In July 2023, OpenAI introduced function calling - a feature that underpins ChatGPT plugin ecosystem.
What I found particularly useful was not the capability to run external APIs and embed the responses into conversations... But the promise that new models have been tuned to return structured data:
These models have been fine-tuned to both detect when a function needs to be called (depending on the user’s input) and to respond with JSON that adheres to the function signature. Function calling allows developers to more reliably get structured data back from the model.
Previously, one had to ask the model to respond in JSON/XML/whatever, and provide schema definition somewhere in the prompt or conversation. And one has likely faced the issues with many responses not adhering to the expectation. Now there's a separate field for that in the API call and guarantees from OpenAI that the model will not reply in other formats (as long as it determines a function call is needed).
Smart validation
One of the use cases I've seen implemented in practice is the semantic validation of large forms. Instead of usual validators (checking empty fields, minimal length, or regex for emails), LLMs can now understand the meaning of the data.
By cooking a good prompt with enough explanations and clear criteria, you can have an AI-clerk doing the hard work: reviewing online submissions. In our case, that was a recognition process with people being nominated for a reward (think internal company Oscar with hundreds of submissions).
Code and Prompt
const body = JSON.stringify({
"messages": [
{
"role": "system",
"content": priming
},
{
"role": "user",
"content": descriptions
},
{
"role": "user",
"content": nominee
}
],
"functions": [
{
"name": functionName,
"description": "Sends validation results of nominee's submission and determines\
if the submission requries rework or can be marked as OK and sent for further processing",
"parameters": {
"type": "object",
"properties": {
"status": {
"type": "string",
"description": "Determines if validation is OK or not",
"enum": ["OK", "NOT-OK"]
},
"recommendations": {
"type": "string",
"description": "Empty if there're no objections and the submission has passed validation. \
Otherwise explains why validation was not passed.

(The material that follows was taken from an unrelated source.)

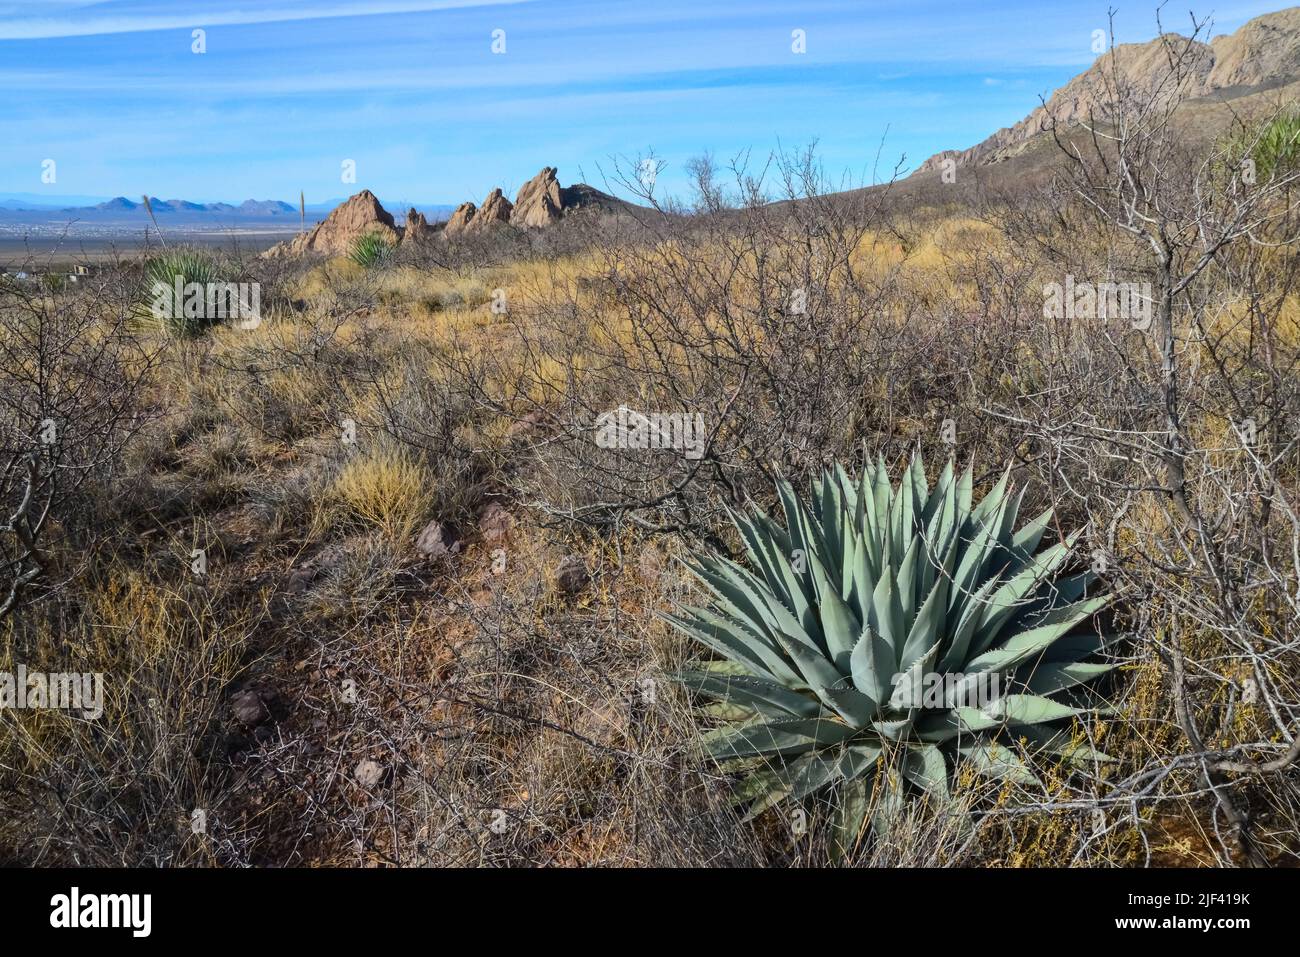 Desert landscape with dry plants, in the foreground is large Agave, New Mexico, USA Stock Photo

The result is a slightly styled text formatted \
as HTML (using paragraphs, lists, bold fonts where necessary)",
}
},
"required": ["status", "recommendations"]
}
}
],
"temperature": 0.0,
"frequency_penalty": 0,
"presence_penalty": 0,
"n": 1,
"max_tokens": 400,
"top_p": 0.95
});
This is a typical OpenAI request body for chat completion with one new field: functions
.
The idea is to pretend there is a function call to be issued and only use the parameters returned by LLM:
obj = JSON.parse(data.choices[0].message.function_call.arguments);
To steer GPT into returning a function call (in addition to having descriptions of function and params as shown above) I reinforced the requirement by adding this part to the system prompt:
Your output must be a function call with 2 fields:
• status - possible values are 'OK' (no complaints, nominee submission can go to the next step) and 'NOT-OK' (you have identified deficiencies and have recommendations)
• recommendations - should you have concerns regarding the submission (as instructed above) and would like to send it back for rework please provide your review results and list your arguments here.
Also, note that you need to use a more recent version of the API when issuing the call (make sure you have ?api-version=2023-07-01-preview
in the URL).
The full sample in TypeScript is here
Results
It worked like a charm with gpt3.5 and 16k context. OpenAI always returned a valid JSON (at least while debugging, didn't check prod telemetry).
I tried both, function calling and the old "Please respond with JSON..." prompts. The latter one used to provide anomalies. Sometimes recommendations
field contained a list of JSON items instead of being free text.
Vendor lock-in
If later you decide to switch LLM provider, you might find there is no function calling capability in their model. Or the corresponding API fields are different. Free-text conversations are still more portable.
P.S.: Some time ago, I came across this repo that hints at one of the implementation techniques (besides fine-tuning) in features like function calling that enforce structured replies. Regex can be used as an intermediate filter during token generation and boost the probability of tokens following the required pattern.